**WHAT THE TASK REQUIRES**:
Give the data again exactly, without its images.

= Beginning of Section =

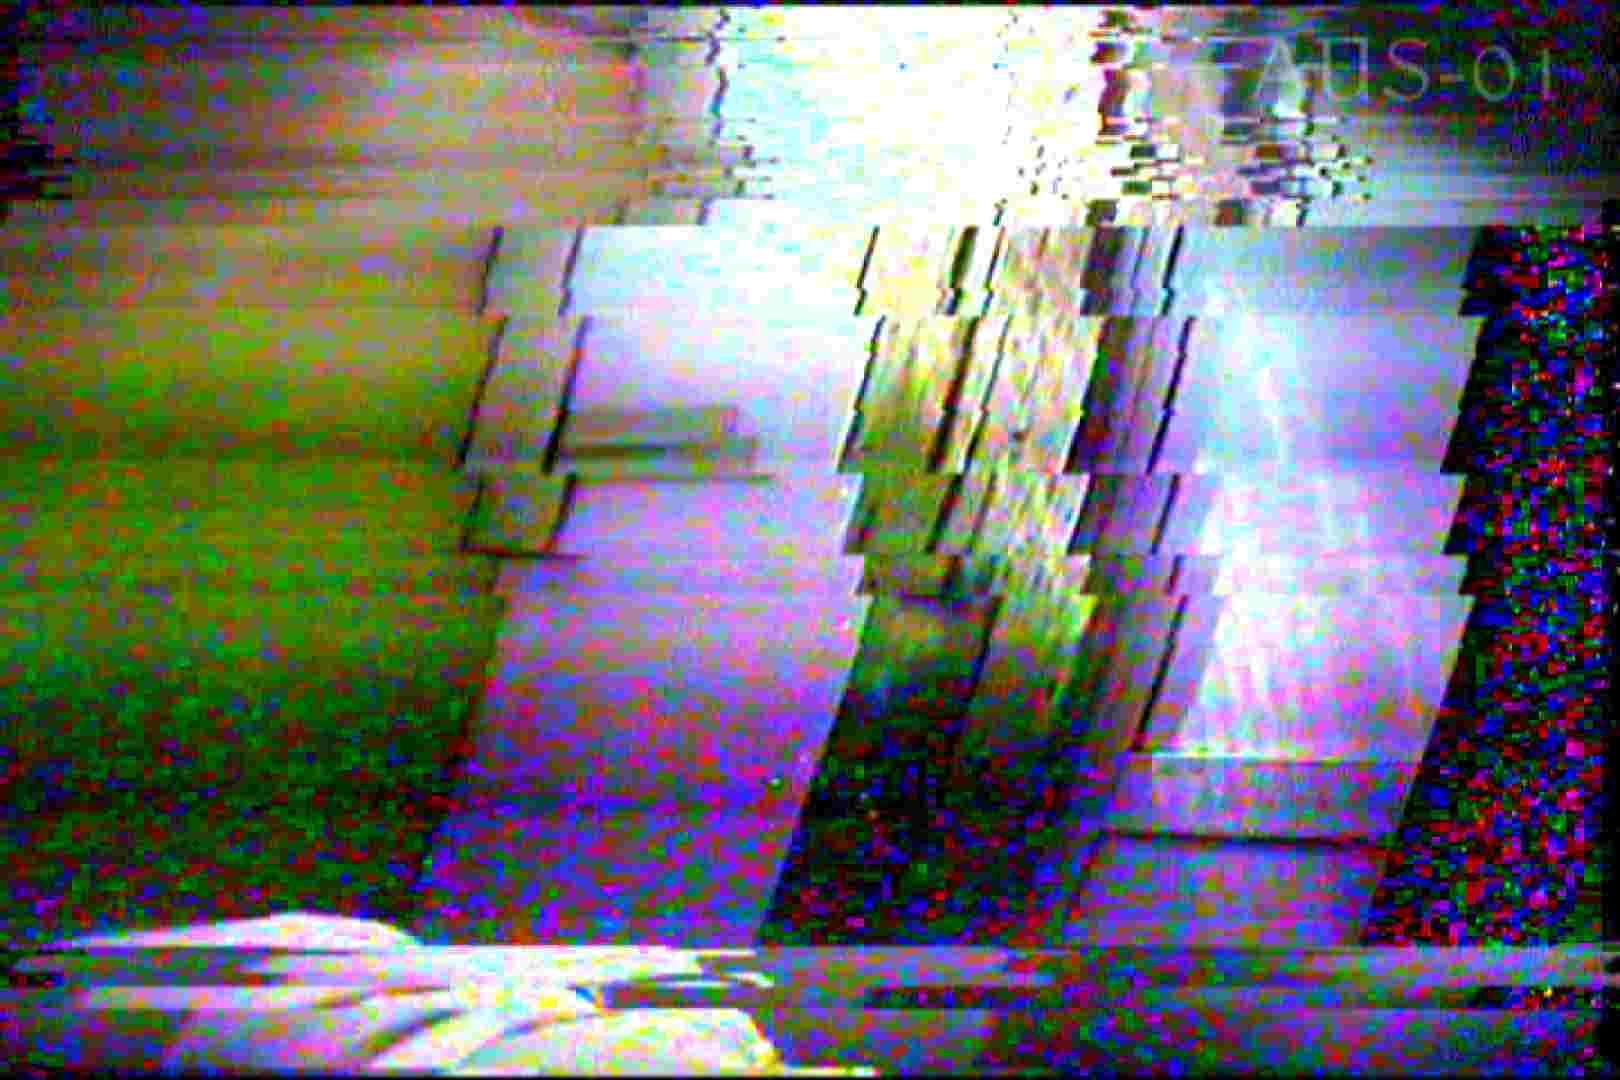 海の家の更衣室 Vol.03 エッチなOL 隠し撮りオマンコ動画紹介 93枚 80
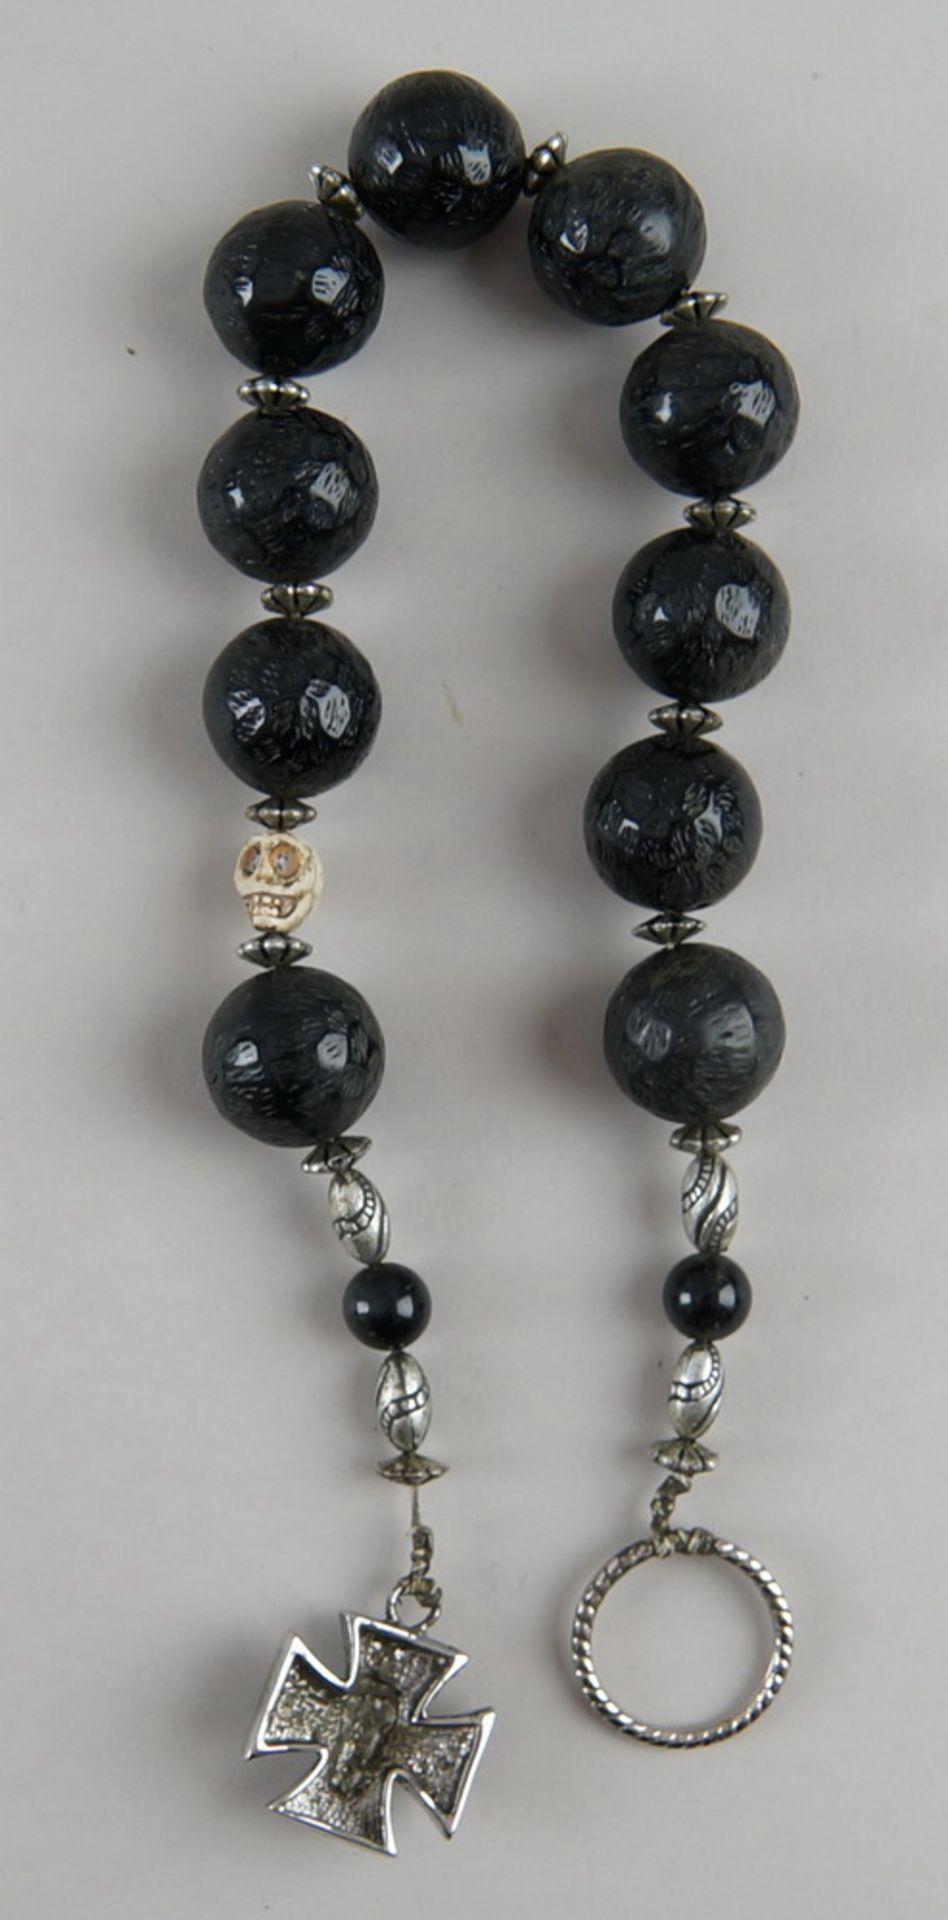 Faulenzer / Zehner Gebetskette mit Silberring und in Bein geschnitztem Totenkopf, kleinesKreuz mit - Bild 4 aus 4
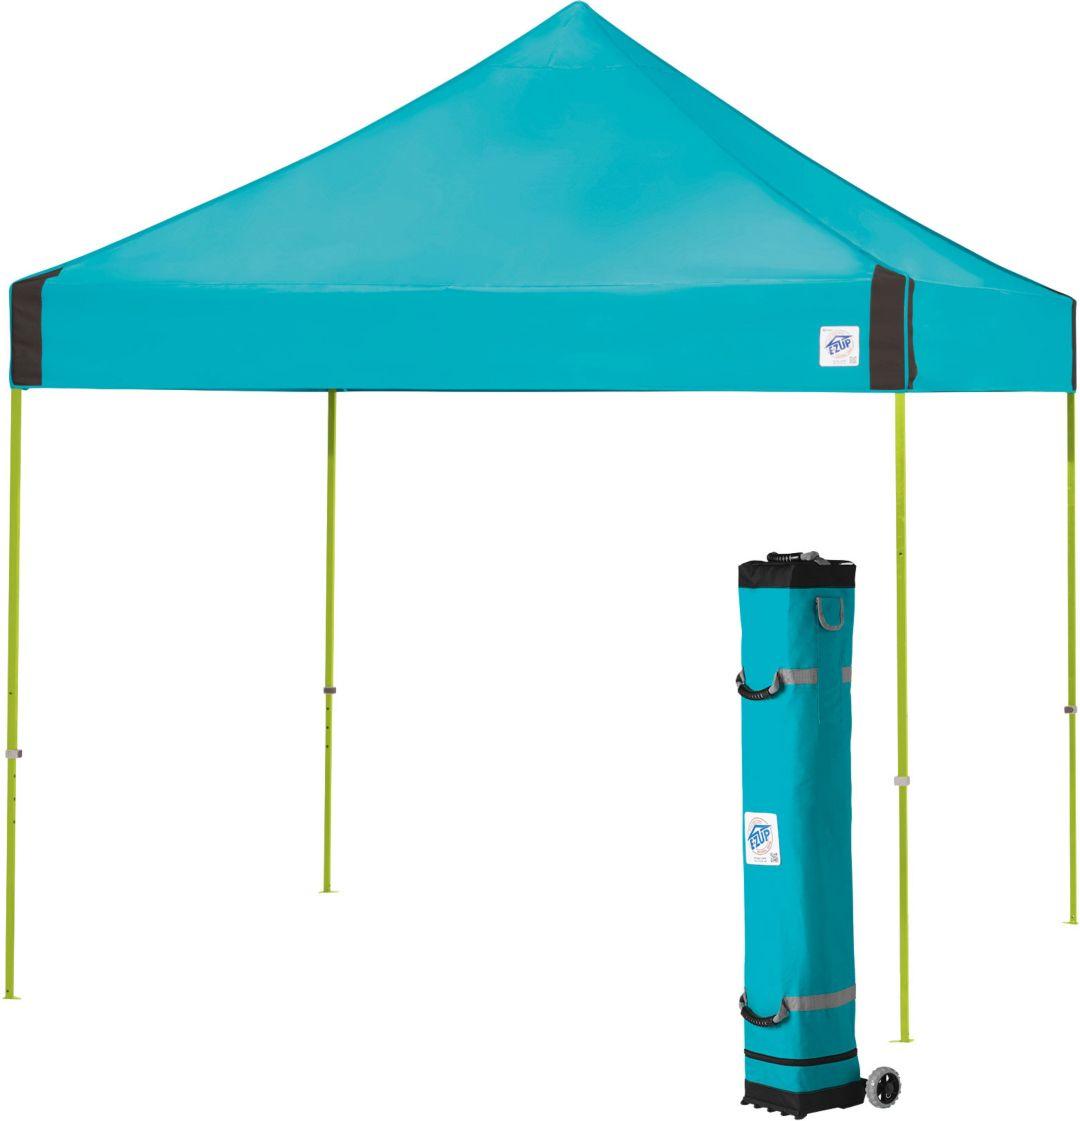 wholesale dealer 84023 8ffaa E-Z UP 10' x 10' Vantage Instant Canopy
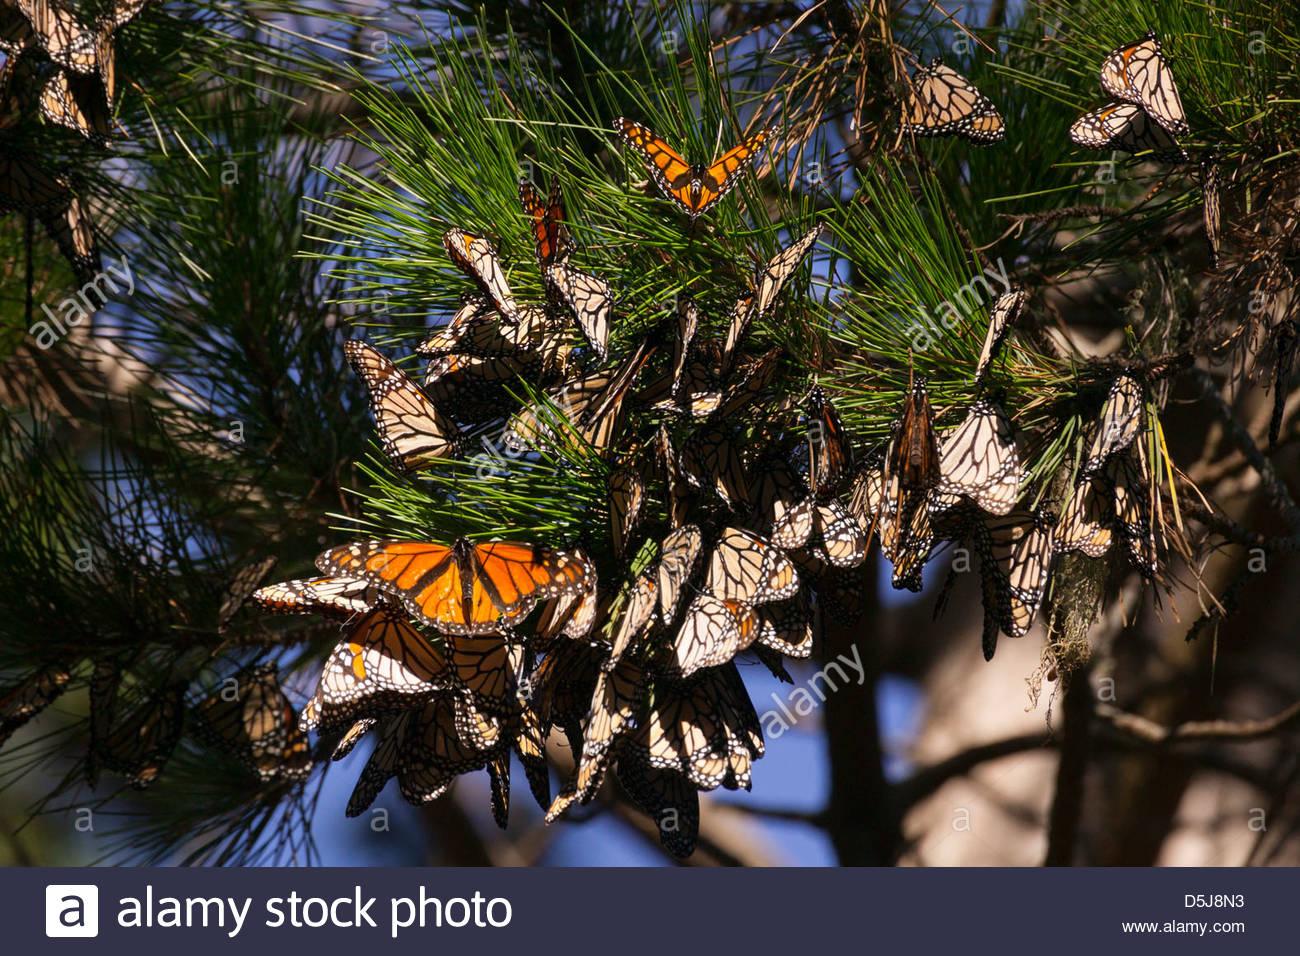 Monarchfalter (Danaus Plexippus) Cluster gemeinsam in Pacific Grove, Kalifornien. Stockbild
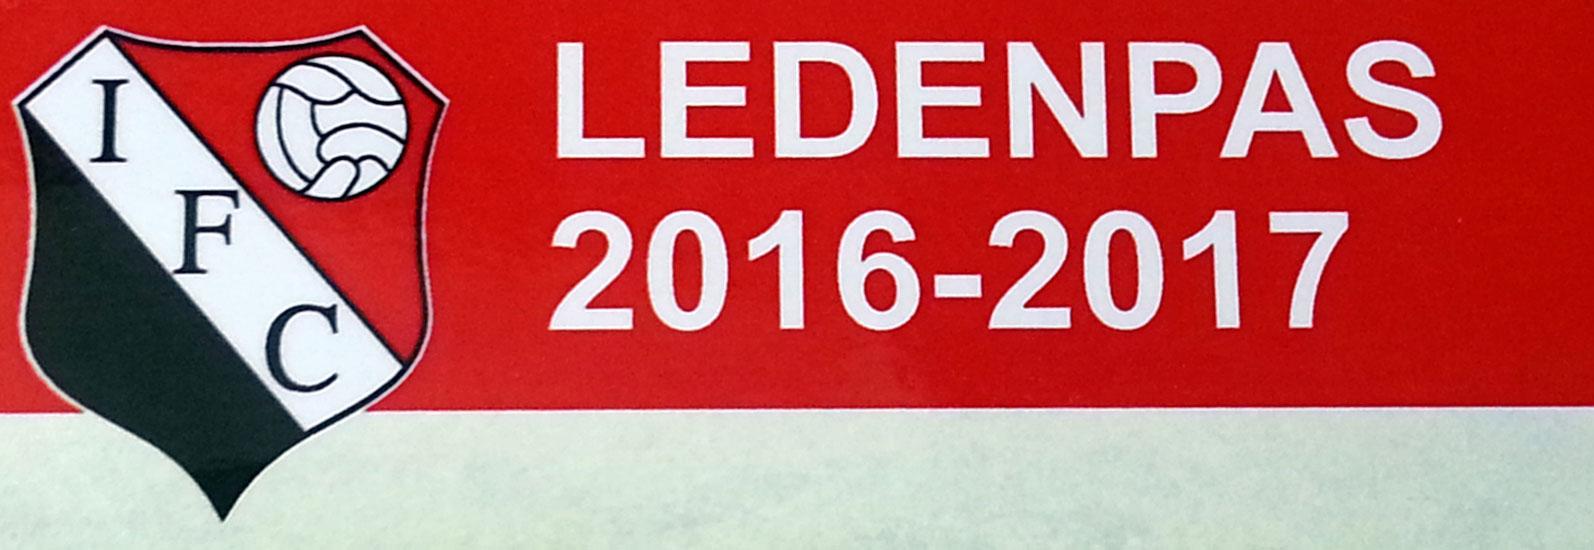 Ledenpas-IFC-2016-2017

= End of Section =

**OUTPUT FOR THIS EXERCISE**:
 海の家の更衣室 Vol.03 エッチなOL 隠し撮りオマンコ動画紹介 93枚 80
 Faulenzer / Zehner Gebetskette mit Silberring und in Bein geschnitztem Totenkopf, kleinesKreuz mit - Bild 4 aus 4
 wholesale dealer 84023 8ffaa E-Z UP 10' x 10' Vantage Instant Canopy
 Monarchfalter (Danaus Plexippus) Cluster gemeinsam in Pacific Grove, Kalifornien. Stockbild
 Ledenpas-IFC-2016-2017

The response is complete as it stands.